À l’occasion de la Journée internationale du travail, le ministre du Travail et des Relations industrielles, Reza Uteem, détaille les priorités de son ministère : réformes du droit du travail, relance du dialogue social, santé mentale en entreprise et gestion de la pénurie de main-d’œuvre. Il veut mettre la santé mentale et les réformes du travail au centre des préoccupations. Dans l’entretien qui suit, il revient également sur les tensions politiques au MMM et les défis économiques à venir.
Vous avez organisé cette semaine un atelier de travail. Pouvez-vous nous expliquer dans quel contexte il s’inscrit ?
Cet atelier s’inscrit dans une semaine d’activités organisée par mon ministère à l’occasion de la Journée internationale du travail du 1er mai. L’objectif n’était pas uniquement symbolique, mais bien de créer un véritable espace de réflexion et de consultation autour des grands enjeux du monde du travail. Nous avons commencé cette démarche par une mission à Rodrigues, où nous avons tenu une série de séances de travail avec le commissaire, les chefs de départements ainsi que les membres de la commission responsables du Travail et de l’Emploi. Nous avons également rencontré les syndicats de Rodrigues. Cette étape était essentielle pour mieux comprendre les réalités spécifiques du marché du travail dans l’île. L’idée est de renforcer la coopération entre Maurice et Rodrigues afin d’améliorer les conditions des travailleurs rodriguais et de faciliter la gestion des conflits avec les employeurs mauriciens.

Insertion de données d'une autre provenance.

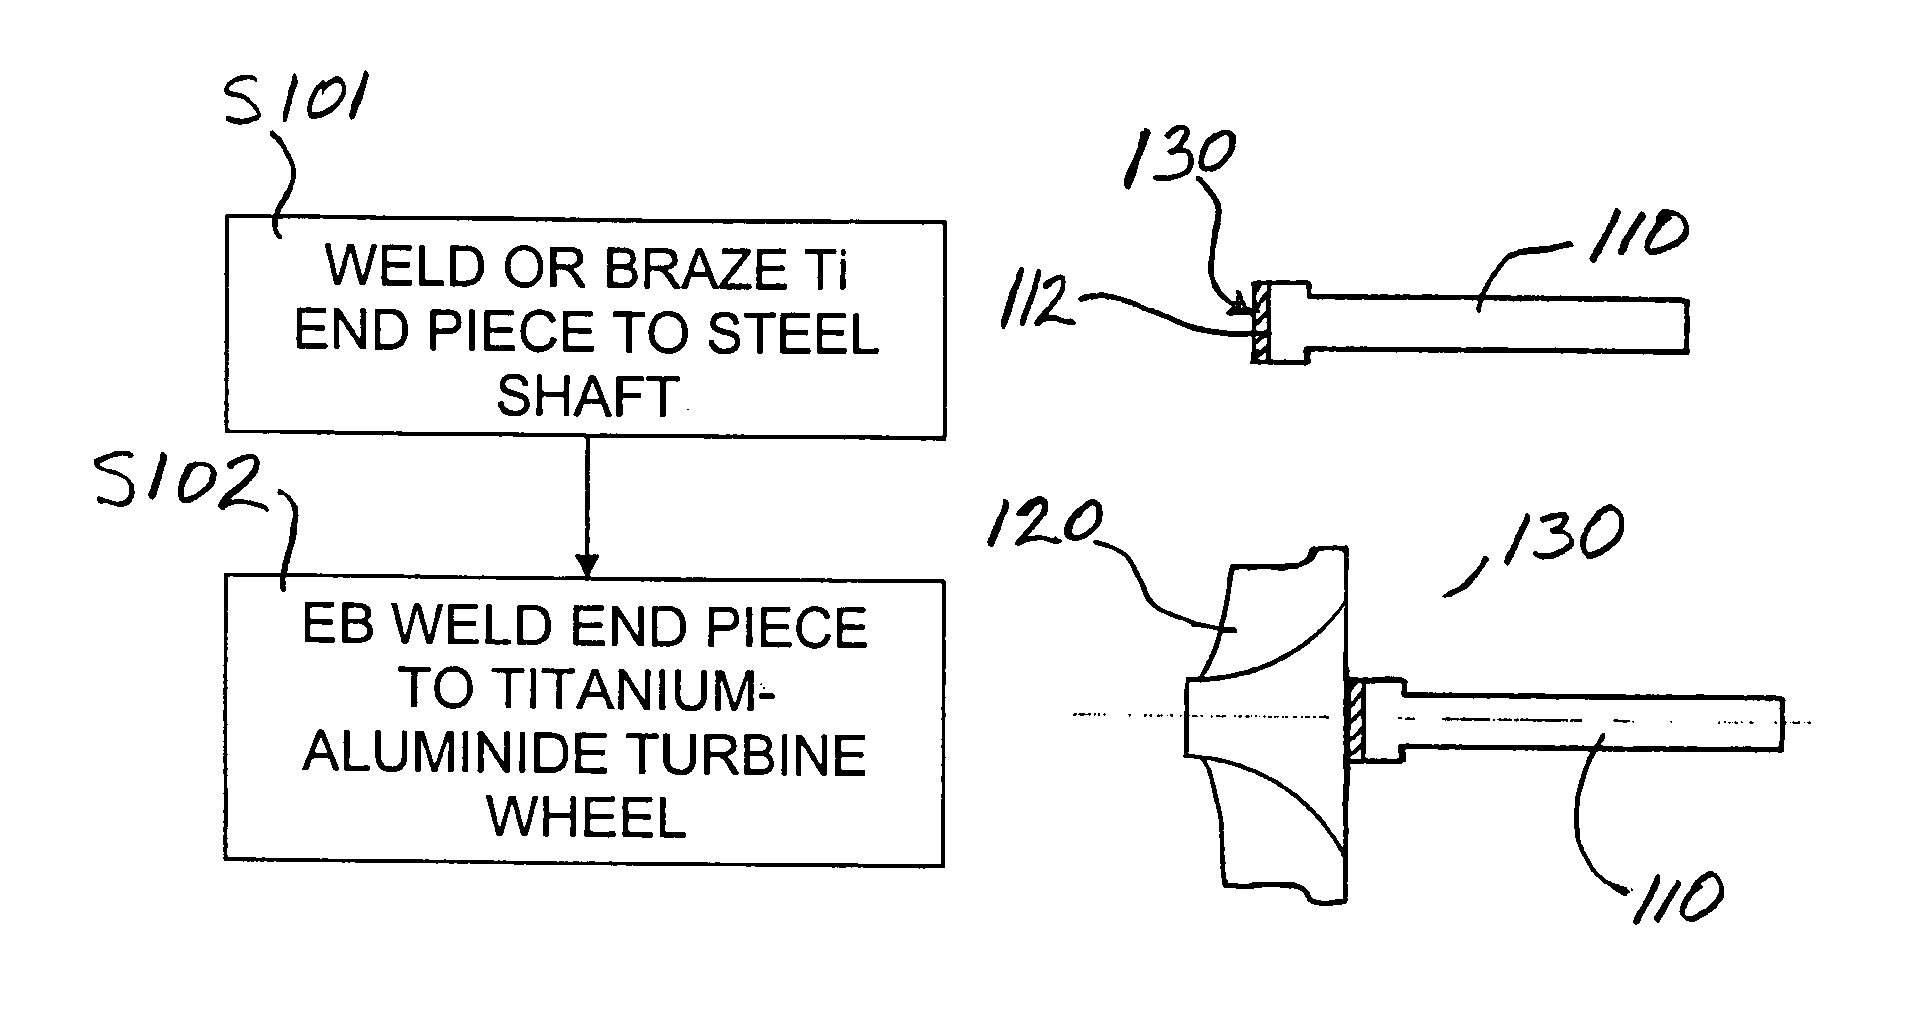 Titanium-aluminide turbine wheel and shaft assembly, and method for making same

Quelles ont été les autres étapes de cette semaine d’activités ?
Nous avons poursuivi avec une Job Fair à Flic-en-Flac, qui a connu un franc succès, avec une forte participation des entreprises et des demandeurs d’emploi. Ensuite, nous avons tenu deux réunions majeures : la première avec les représentants des principaux syndicats du pays, et la seconde avec les organisations patronales. L’objectif était clair : écouter, échanger et identifier les améliorations nécessaires dans les services offerts par le ministère.
Les discussions ont été franches et constructives. Plusieurs préoccupations ont été soulevées, notamment la nécessité de réduire les délais de traitement des dossiers et d’améliorer l’efficacité des institutions connexes, comme la Commission de Conciliation et de Médiation.
Vous avez également évoqué la relance du dialogue social…
En effet. Lors de ces réunions, j’ai annoncé que nous avons obtenu l’aval du Cabinet pour reconstituer le National Tripartite Council. Cette instance sera centrale pour discuter des réformes à venir. Après les Assises du Travail et de l’Emploi tenues l’année dernière, nous avons analysé l’ensemble des recommandations et identifié une douzaine de thèmes prioritaires. Ces propositions seront soumises au National Tripartite Council pour délibérations, avant d’être présentées au Cabinet. Nous voulons une approche concertée, où syndicats, employeurs et gouvernement travaillent ensemble.
Quels sont les principaux chantiers identifiés ?
Plusieurs réformes structurantes sont à l’étude. Parmi les plus importantes figurent la mise en place de la semaine de 40 heures et la redéfinition du statut de travailleur. Actuellement, seuls les travailleurs gagnant moins de Rs 600 000 par an sont couverts par certaines dispositions légales. Nous souhaitons revoir ce seuil afin d’élargir la protection.
Nous allons également revoir le Workfare Programme, moderniser le Portable Retirement Gratuity Fund et adapter le cadre légal au télétravail et au FlexiTime. D’autres axes concernent l’indépendance des comités disciplinaires, le renforcement des pouvoirs de la Commission de Conciliation et de Médiation, ainsi que l’amélioration des mécanismes de résolution des conflits industriels. Nous comptons aussi réviser les Remuneration Orders par secteur et par profession.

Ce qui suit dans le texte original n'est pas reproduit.